Onamukulo is a village in the Ohangwena Region of northern Namibia. It is 225 km north of Windhoek and belongs to Omulonga Constituency. It is situated about 10 km north of Oshigambo village.

Onamukulo village is divided into two parts and is separated by the main road running through from Ondangwa to Oshigambo. The two parts of the village are known as Omiye (the cuca shops side, on the right side of the road) and the true village (on the left side of the road) but run and administered by one headman, Tom Nakathingo. It has 80 homesteads with an average of 5 people per homestead. The inhabitants in this village have homesteads made of tree poles cut in the forest found in Okaonde area. But due to the high growth rate, suitable trees are now becoming scarce, and the forest is slowly but surely being destroyed, which has led the new generation planning to build houses to use alternative materials, such as bricks, mud, thatch, mesh-wires, etc. Onamukulo is rich in fertile soils, thus they depend on farming for survival. Their farming activities include mahangu cultivation, herding cattle, goats and donkeys, but the village usually receives poor rainfall, and thus they have difficulties in keeping sheep and horses, although they are found in very low quantities.

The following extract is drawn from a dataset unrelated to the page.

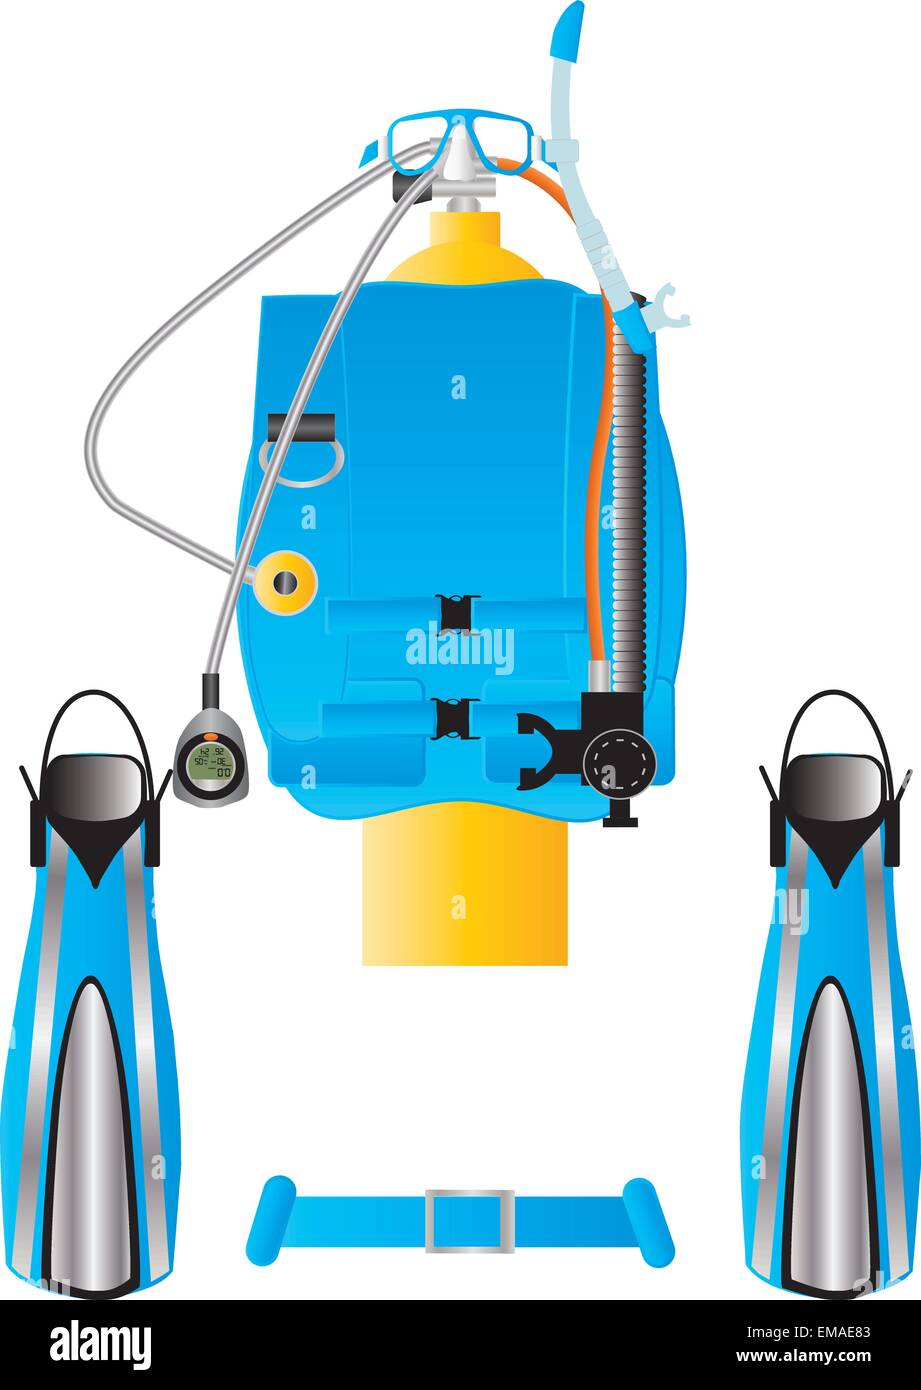 Un vecteur illustration de l'équipement de plongée palmes masque tuba bouyancy vérin régulateur compensateur de l'ordinateur de plongée Illustration de Vecteur

Currently, the power supply reaches the combined school and cucashops, but plans to extend it to each homestead are in progress, and more development is to be started after this.

The Onamukulu Combined School is situated in the village. It is reasonably well equipped, including computer equipment to science equipment. The principal is Naftal Haimene. The school was refurbished with the help of Millennium Challenge Account Namibia (MCAN) along with 9 other schools in the Ohangwena Region of Namibia.